Integrating hyper-acetylated peaks to identify the dysregulated enhancer-promoter interactions
The expensive cost of Hi-C experiments limits its application to too many samples. To identify the changed enhancer-promoter regulation, a feasible solution is to integrate Hi-C annotation with other dysregulated signals. As a demonstration, we collected 1475 hyper-acetylated H3K27ac peaks from the published study23 and identify the target genes of 806 peaks56. Figure 5a shows the results of a peak on chr13:112101248–112102698, which was reported as the most hyper-acetylated peak. This peak located at the downstream of ARHGEF7 and TEX29 genes. It interacted with the promoter of ENST00000483189, one transcript of ARHGEF7 gene. This result suggested that ARHGEF7 might take a more important role in AD. It should be noticed that ARHGEF7 was not the proximal gene according to their genomic location, which suggested a necessity to use Hi-C results to annotate dysregulated regulatory elements. Figure 5b shows another example of the most hyper-acetylated peak on chr5:640598–642071, located in the ninth intron of CEP72. It interacted with the promoter of ENST00000512038, a transcript of CEP72. Under our parameter setting, we failed to identify links from some top-ranked hyper-acetylated peaks and it is not clear if they are involved in transcription regulation.

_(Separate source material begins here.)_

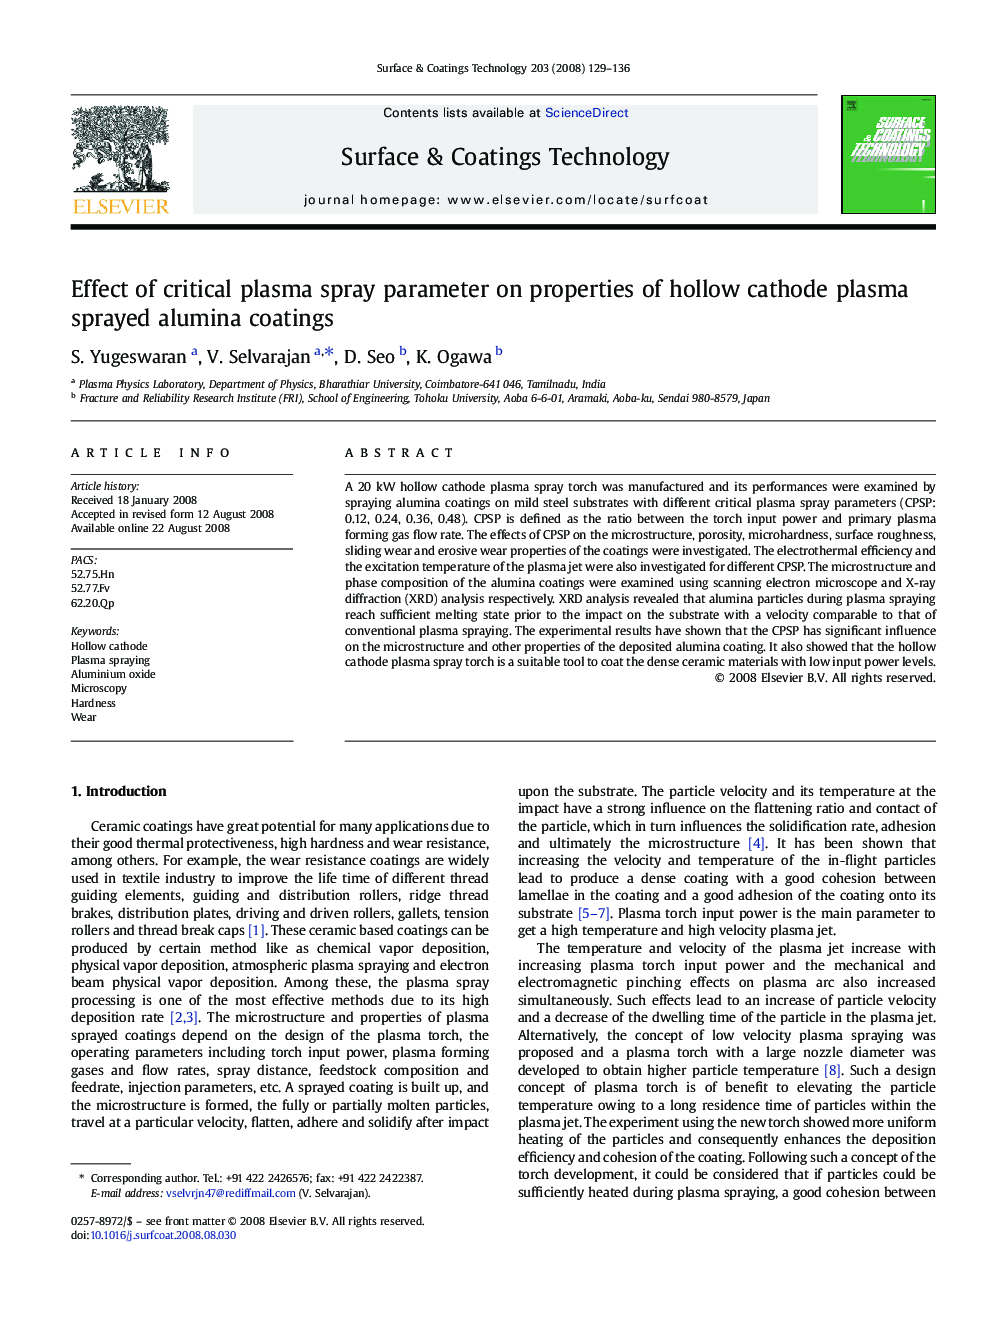 Effect of critical plasma spray parameter on properties of hollow cathode plasma sprayed alumina coatings

One of the hyper-acetylated peaks of chr17:43959954–43961546 is proximal to the MAPT gene. Figure 5c shows its chromatin interaction with MAPT transcript promoters. Multiple MAPT transcripts were linked to this peak, e.g. ENST00000571311, ENST00000420682, and ENST00000262410. Additionally, the same peak is also linked to the promoters of multiple transcripts of CRHR1 gene. CRHR1 has been reported for association with synaptic loss and memory in other neurological diseases57. This result might indicate its potential involvement in AD.
The Hi-C data analyses were performed using public tools. The following softwares were used to perform Hi-C data analysis:
1. FastQC v0.11.9 https://www.bioinformatics.babraham.ac.uk/projects/fastqc/
2. HiC-Pro v2.11.3 https://github.com/nservant/HiC-Pro
3. Juicer tools v1.14.08 https://github.com/aidenlab/Juicebox
4. HOMER V2.0 http://homer.ucsd.edu/homer/interactions2/index.html
5. bedtools v2.29.2 https://bedtools.readthedocs.io/en/latest/
6. Gviz V1.40.0 https://bioconductor.org/packages/release/bioc/html/Gviz.html
7. ChIPseeker v1.32.0 http://bioconductor.org/packages/release/bioc/vignettes/ChIPseeker
8. HiCPlotter v0.6.6 https://github.com/akdemirlab/HiCPlotter
9. multiHiCcompare v1.14.0 https://dozmorovlab.github.io/multiHiCcompare/
10. MACS v2.2.6 https://github.com/macs3-project/MACS
11. R v3.6.2 https://cran.r-project.org/
12. limma v3.1.2 https://bioconductor.org/packages/release/bioc/html/limma.html
Bateman, R. J. et al. Clinical and biomarker changes in dominantly inherited alzheimer’s disease. N Engl J Med 367, 795–804, https://doi.org/10.1056/NEJMoa1202753 (2012).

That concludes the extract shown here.